Last month the police arrested Mr. Pari and a motley mix of others for crimes of the flea market that put the lie to The Life, including the supposed trading of guns and drugs for more fungible items like counterfeit handbags and sneakers. Still, he remained bound to Mr. Merola; in arranging to sell illegal prescription drugs for a measly $320, for example, he chose to meet an undercover officer at his departed friend’s restaurant.

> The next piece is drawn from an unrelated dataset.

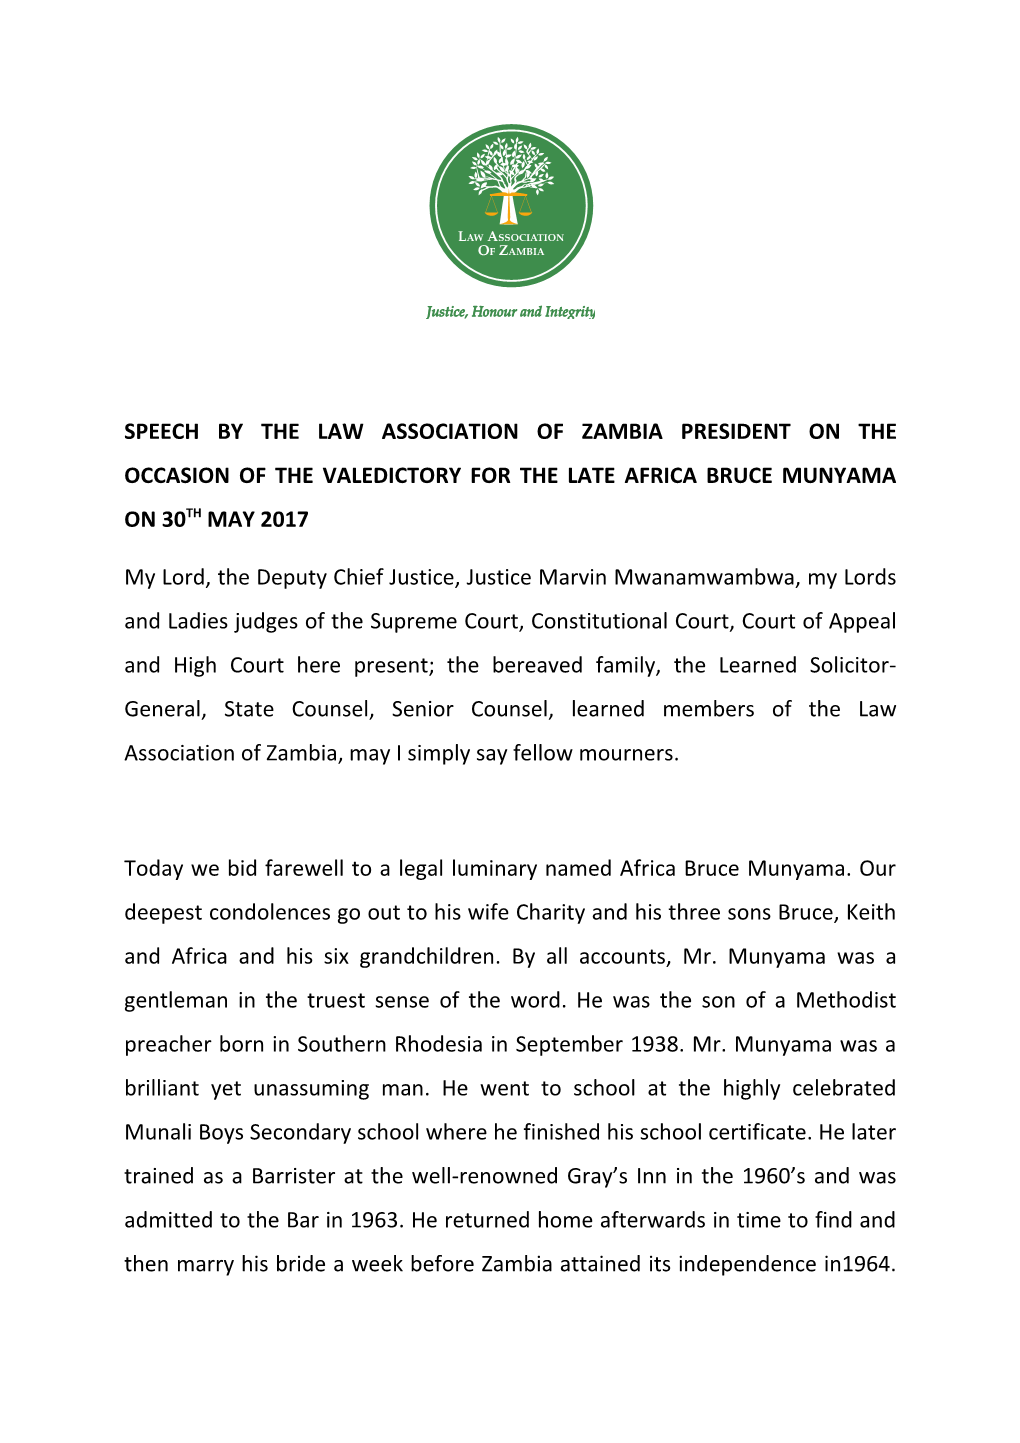 Speech by the Law Association of Zambia President on the Occasion of the Valedictory For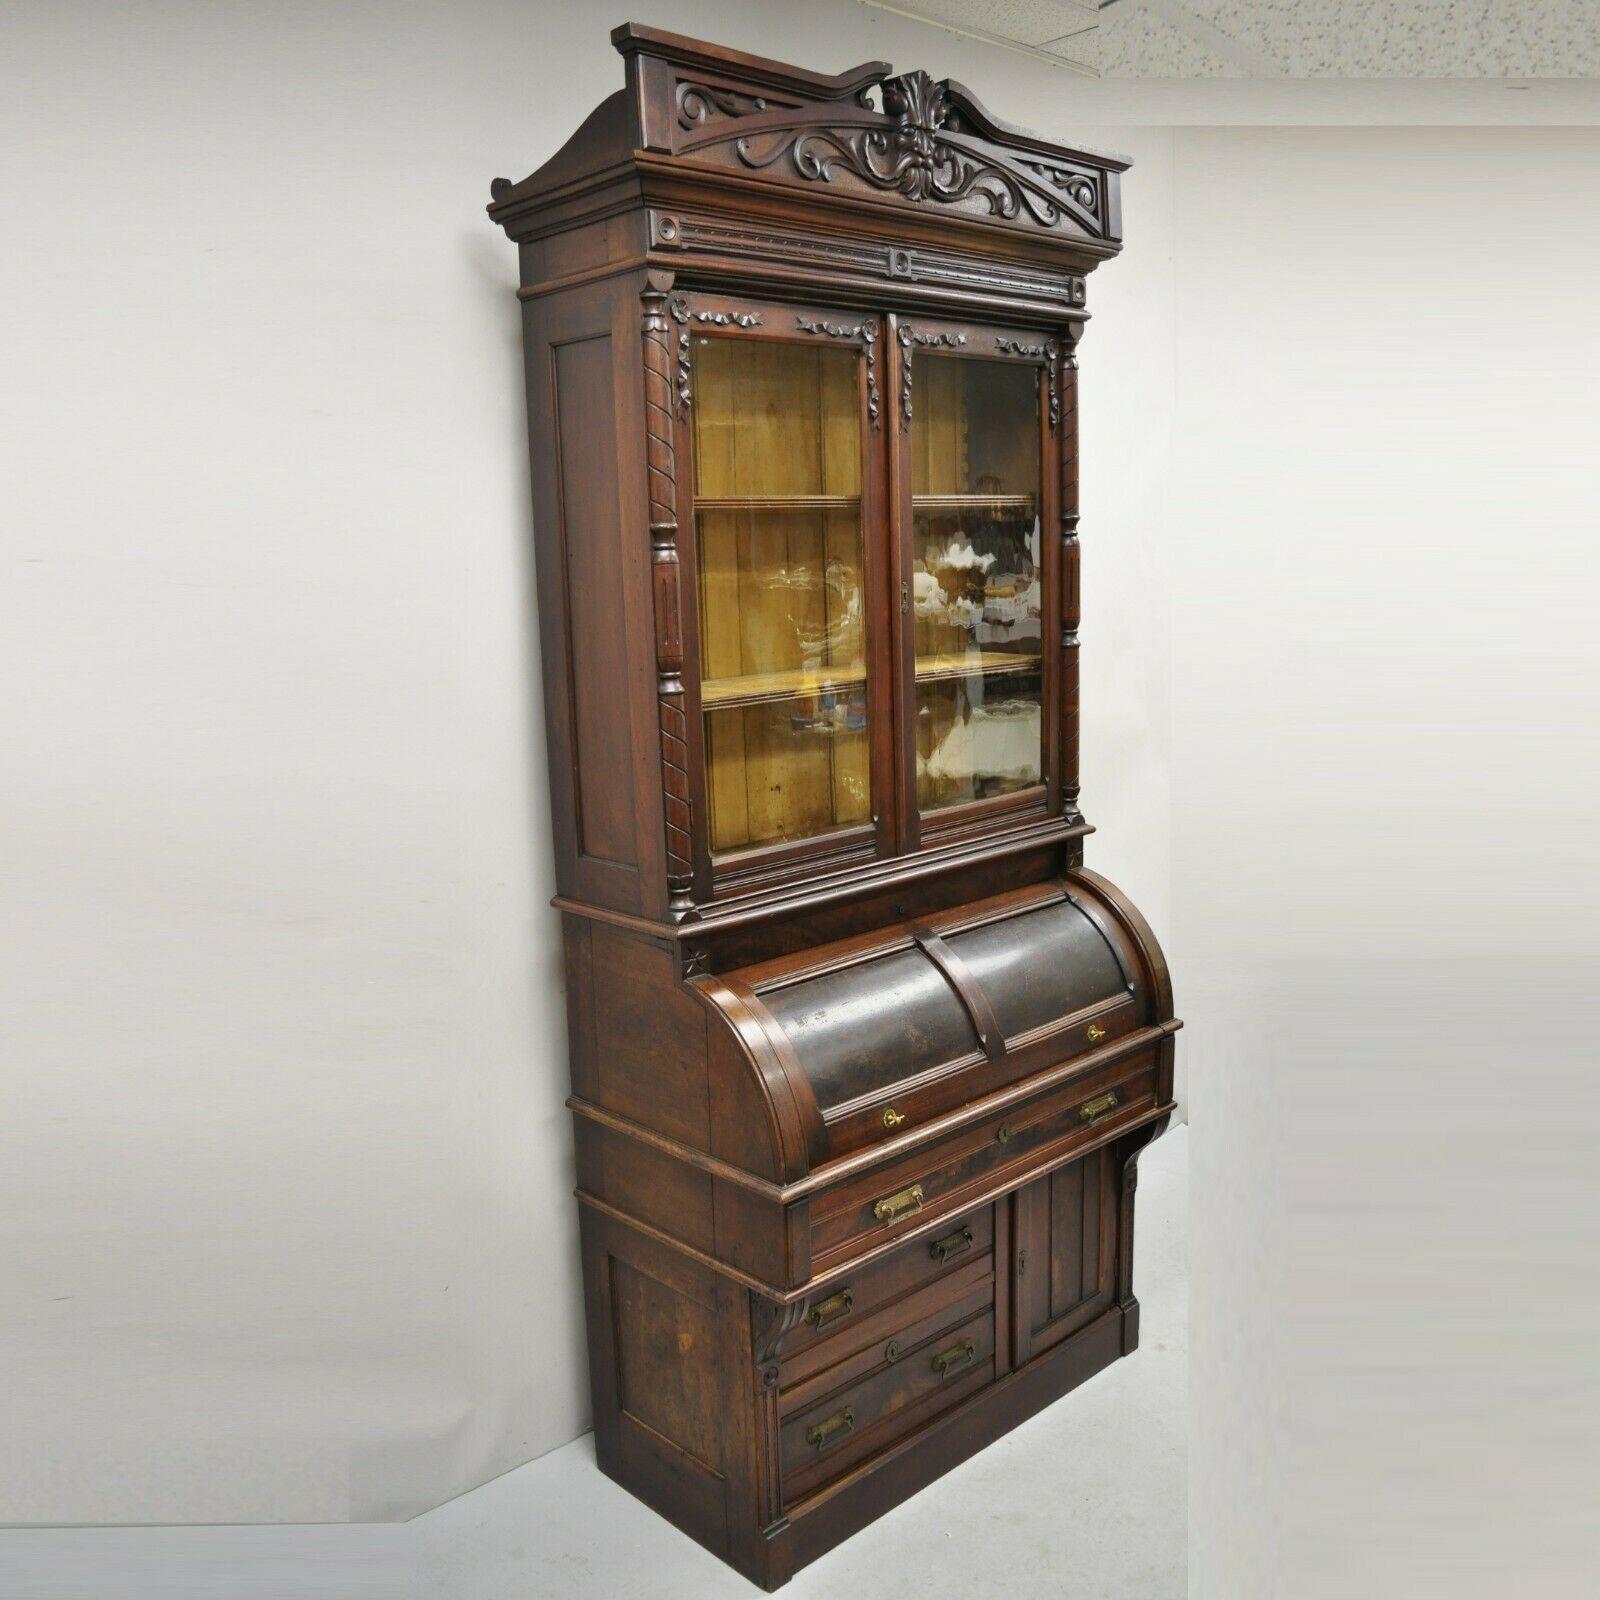 Antique Victorian Burl walnut cylinder roll secretary desk bookcase cabinet. Item features a carved north wind face pediment, original wavy glass, pull out writing surface, beautiful wood grain, nicely carved details, 3 part construction, working

At state police headquarters, before that ride to East Providence, Mr. Pari expressed remorse for helping to kill Joe Onions, remorse that he admitted had deepened as he faced his own mortality. Seeing the anguish his own family was going through, he knew he could ease another family’s 30-year pain by sharing one detail that only he knew.
Don’t misunderstand, Lieutenant Colonel O’Donnell says. Mr. Pari could have shared this detail days before his arrest, months before, decades before — but he lied instead, for reasons known only to him. “It doesn’t make him a good guy,” the police official says. “But he’s a human being.”
Hours after leading the police to the place that had haunted him since 1978, Mr. Pari appeared in District Court in Providence, unshaven, diminished, in a wheelchair. Released on bail, he returned home to his hospice bed and oxygen tank.
Meanwhile, back in East Providence, backhoes mined the sandy past. They dug until dark that Monday afternoon, then returned to dig all day Tuesday, as detectives and spectators shivered and watched, as the November sun offered little warmth, as the smell of fried food wafted from a Chinese restaurant a few yards away.
Finally, late on that Wednesday, the scoop of a backhoe pulled up things of interest from more than a dozen feet below, including a boot that seemed to match a description. The mechanical dig stopped and a human dig began, with investigators using a sifting pan to separate bone from earth.
It isn’t as though you can dig anywhere in Rhode Island and find a body. But Colonel Doherty, the state police superintendent, says he will not confirm this was Joseph Scanlon until a match is made with some DNA provided by one of Mr. Scanlon’s siblings. He adds that even though 30 years have passed, among the Scanlons “there was always a hope that he was not dead.”
On a cold night late last week, an old mobster died at his home in North Providence, freed of one secret he would not have to take to the grave.